* Brief *
Return the lines of the data below, from the one containing "2021 Jeep Grand Cherokee L Finance Offer" through the very last, exactly and with both ends included; no pictures.

* Data excerpt *
□ □ □ □ □ □ □

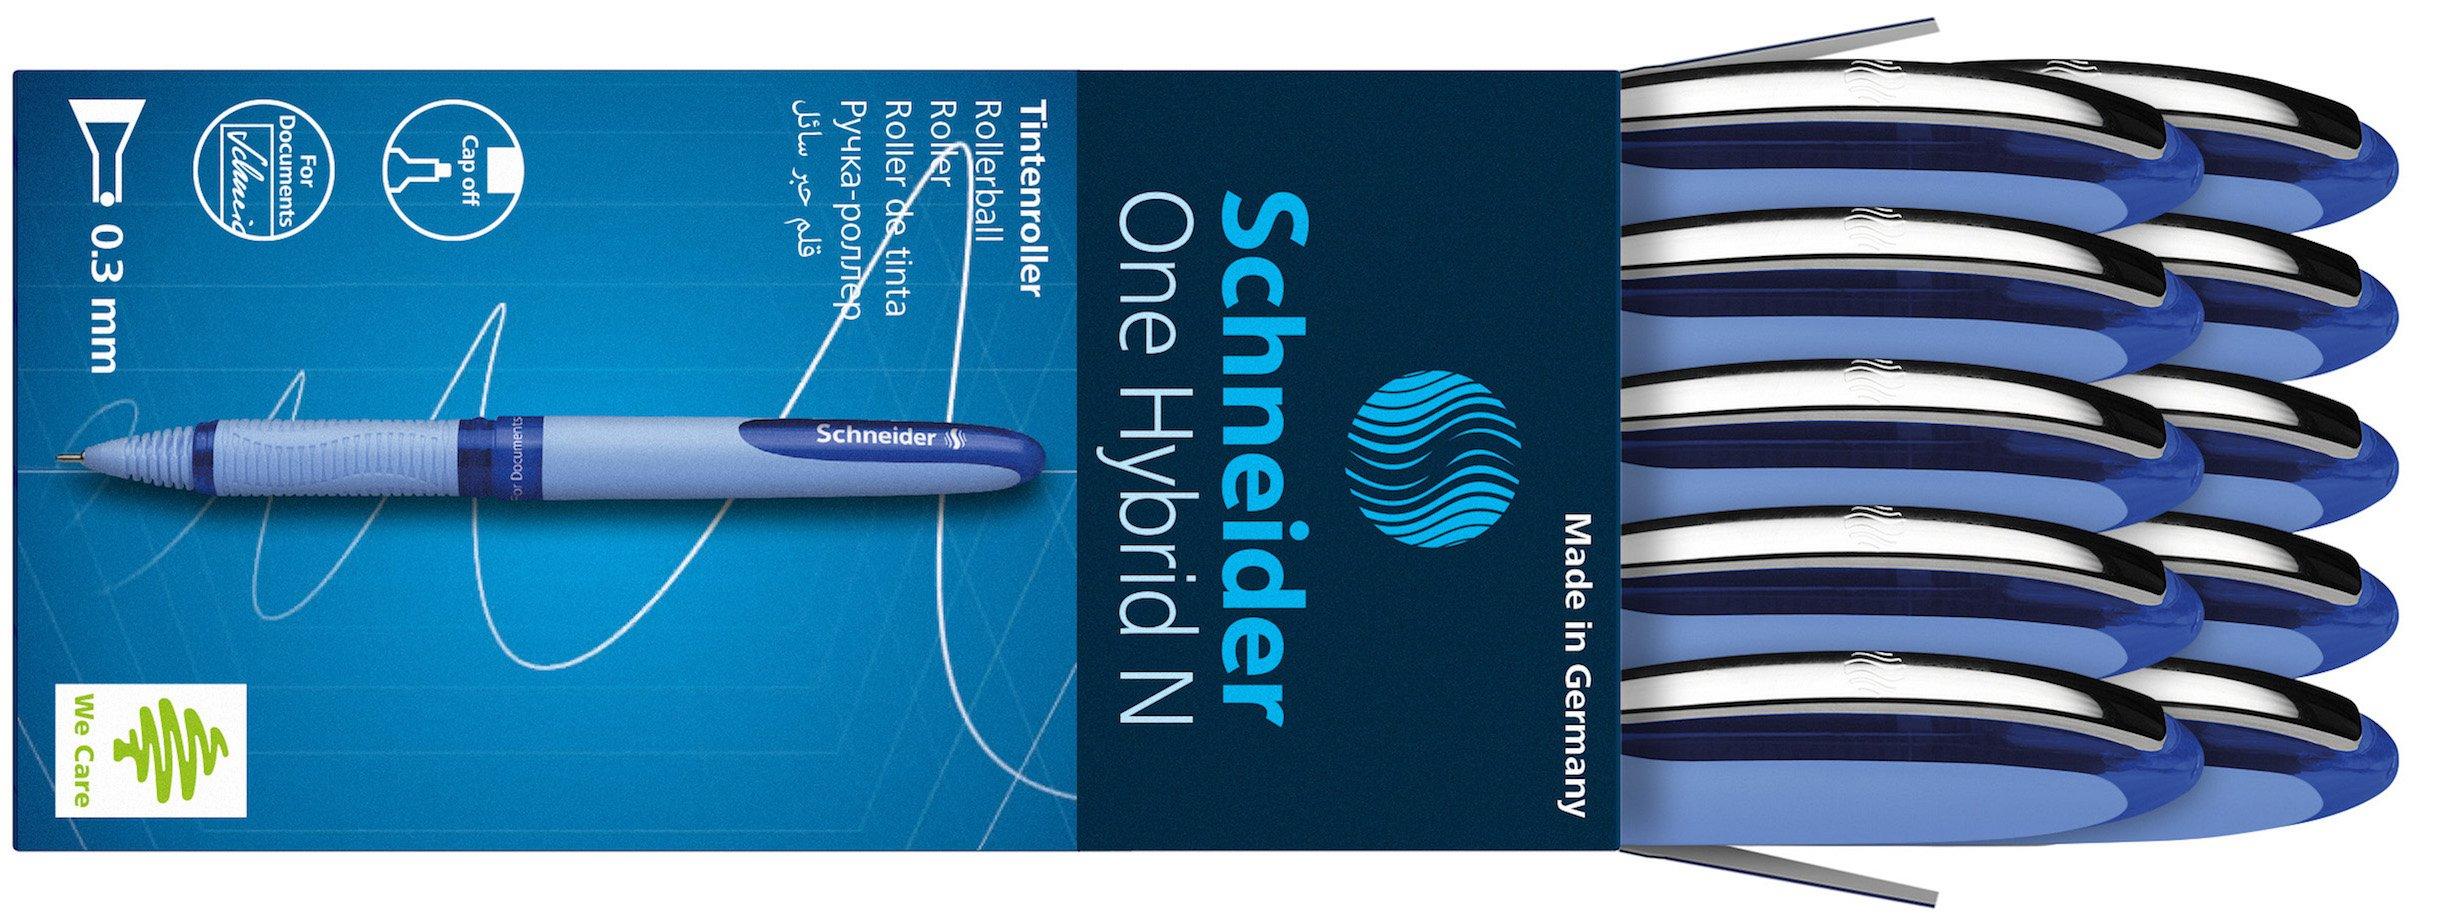 Schneider ONE Hybrid N Rollerball Pen, 0.3mm, Blue, Box of 10 (183403)
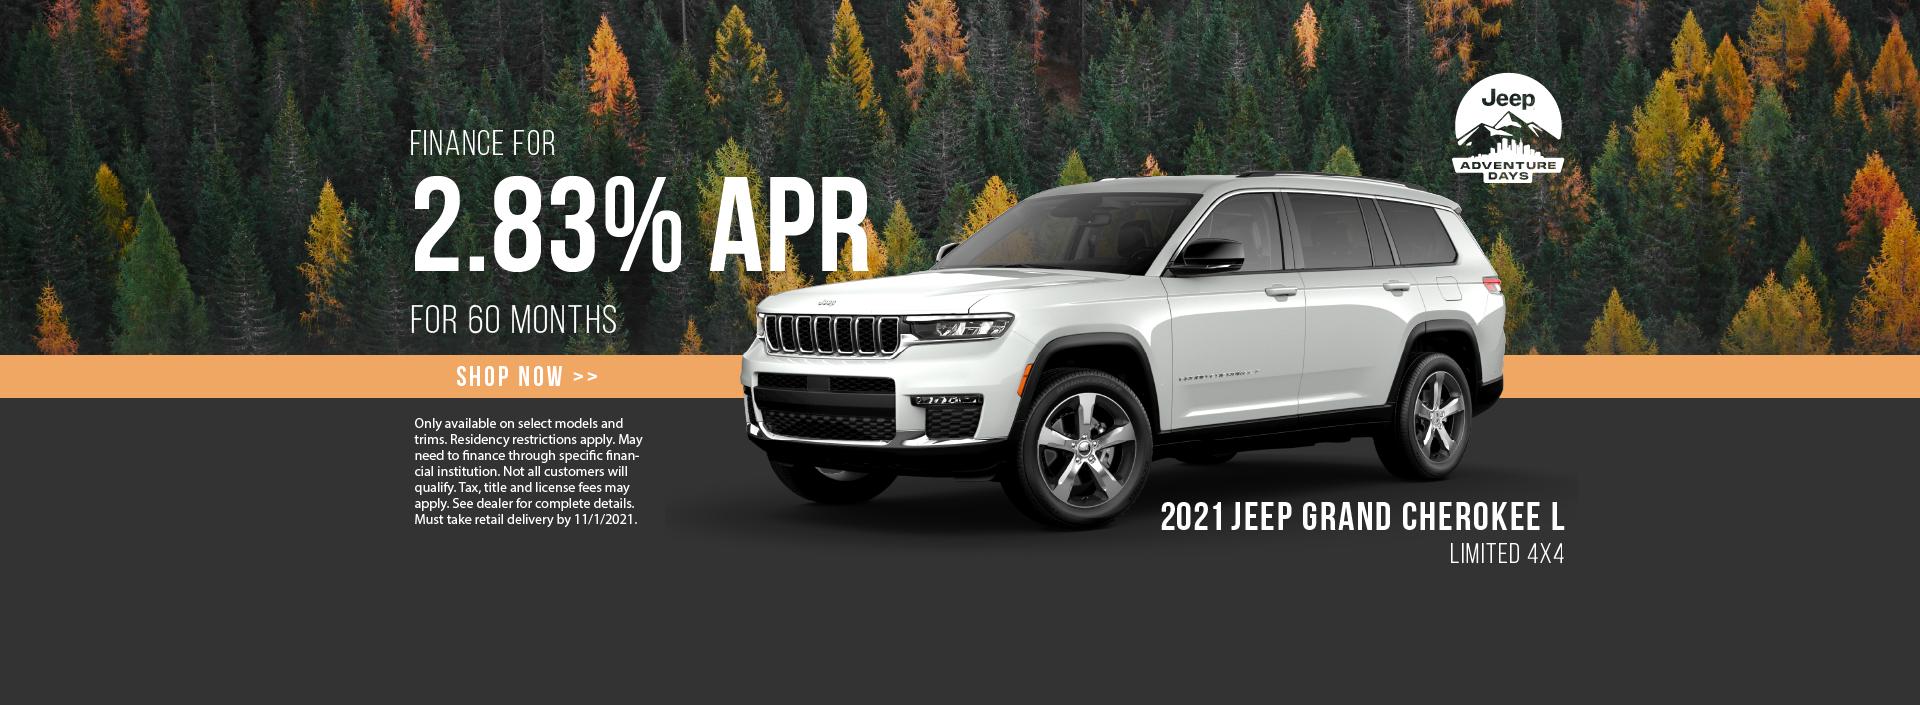 2021 Jeep Grand Cherokee L Finance Offer
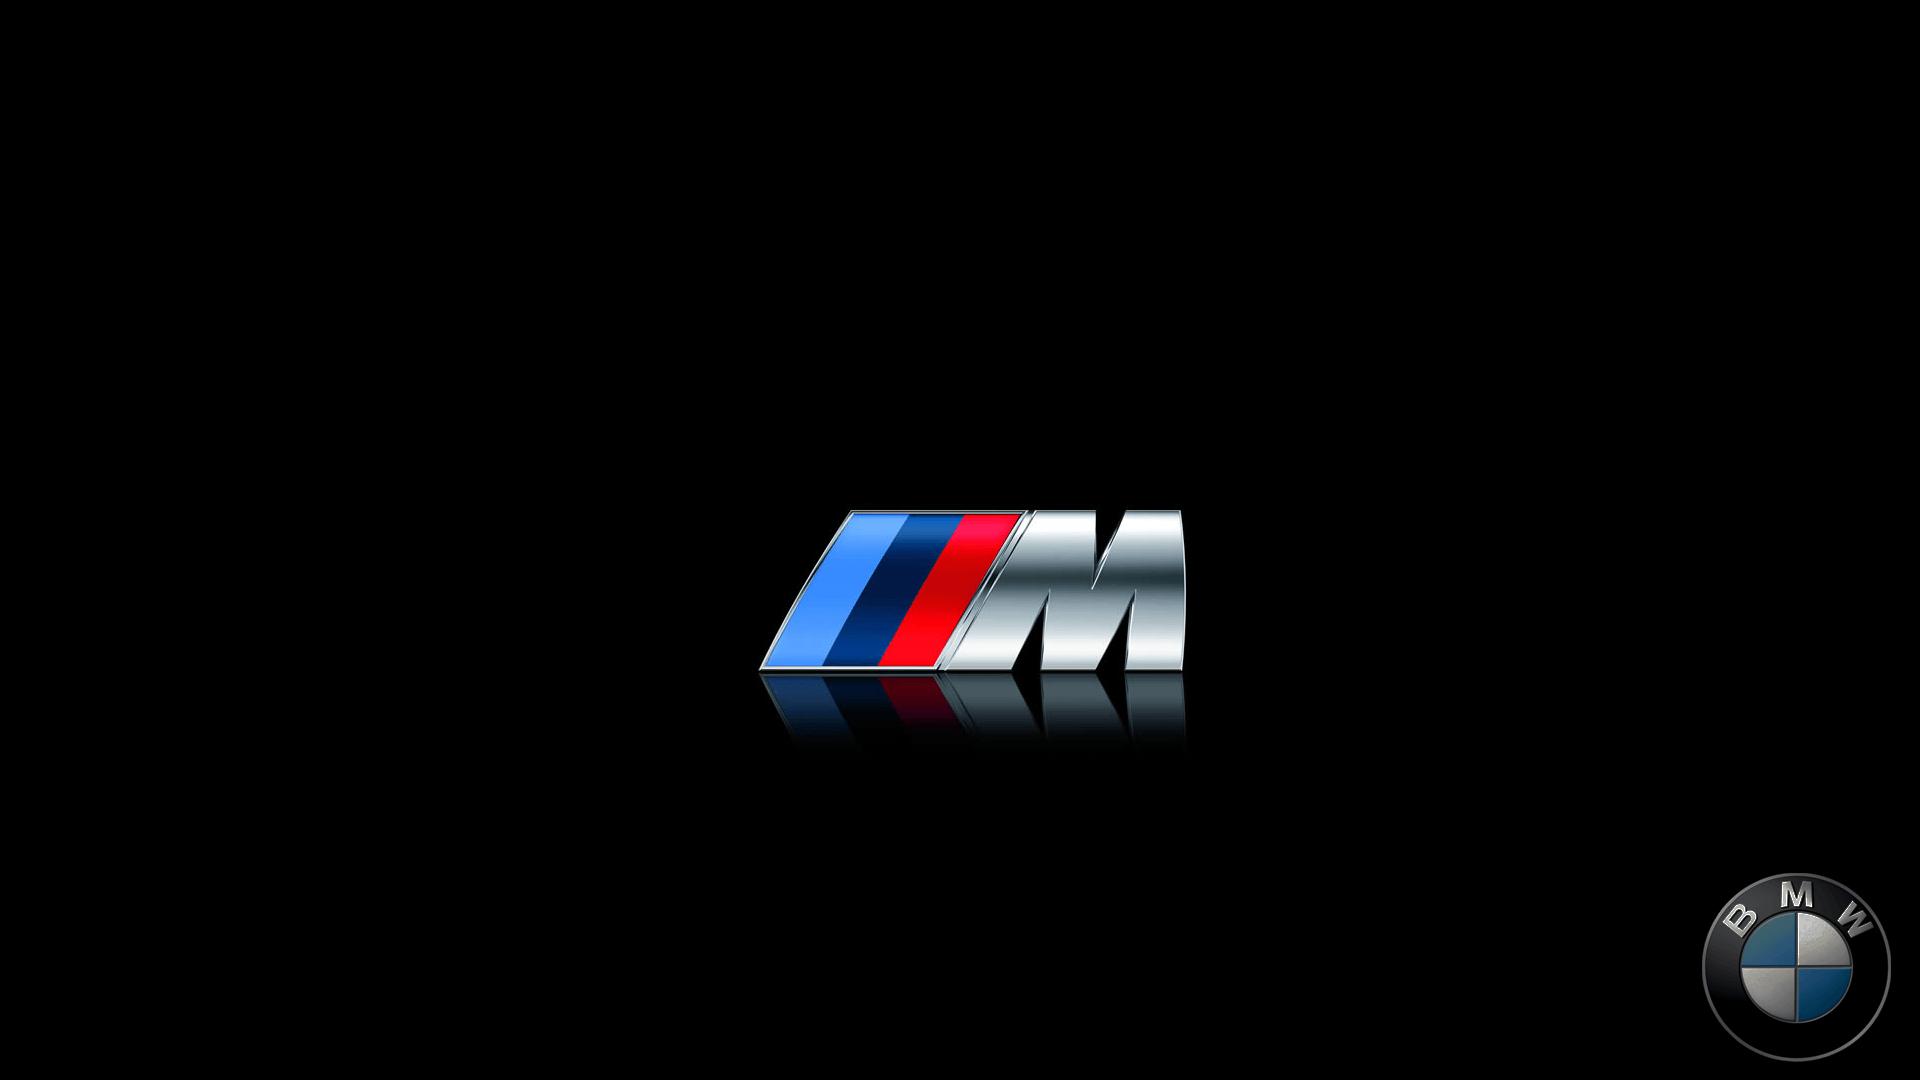 bmw m logo wallpapers
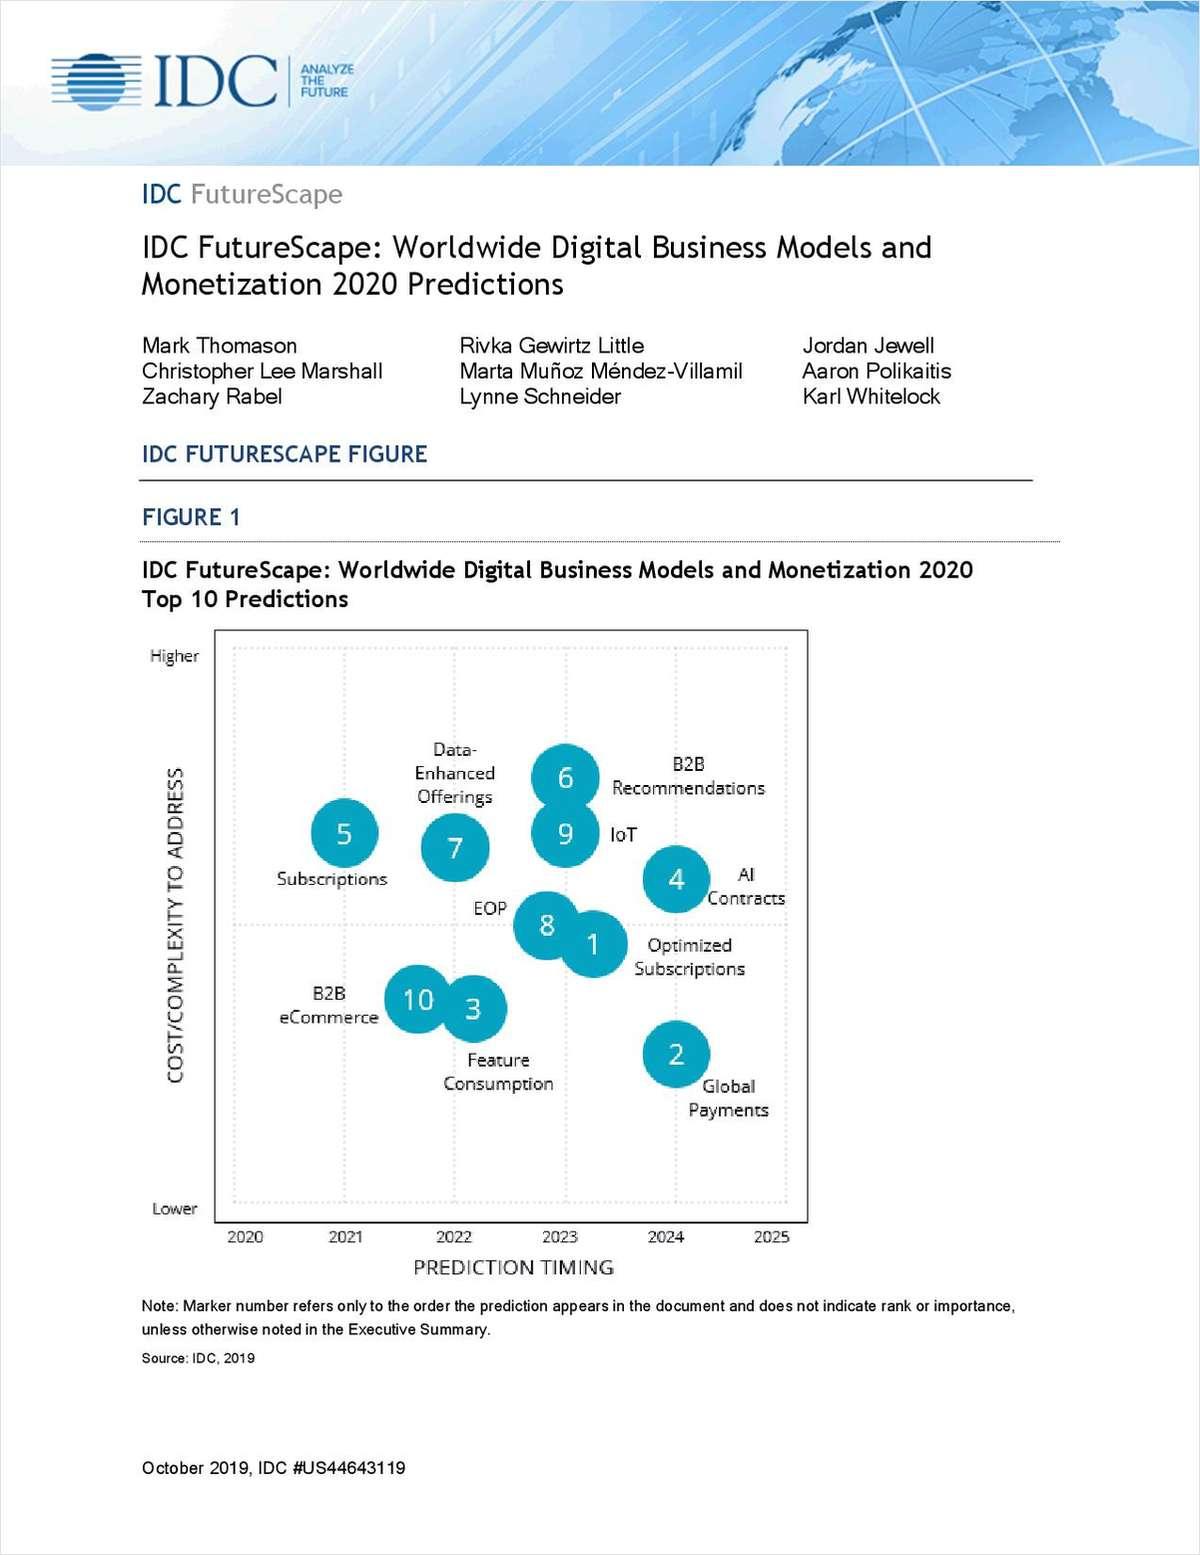 IDC: Worldwide Digital Business Models and Monetization 2020 Predictions

□ □ □ □ □ □ □

* Reply to the exercise *
 2021 Jeep Grand Cherokee L Finance Offer
 bmw m logo wallpapers
 IDC: Worldwide Digital Business Models and Monetization 2020 Predictions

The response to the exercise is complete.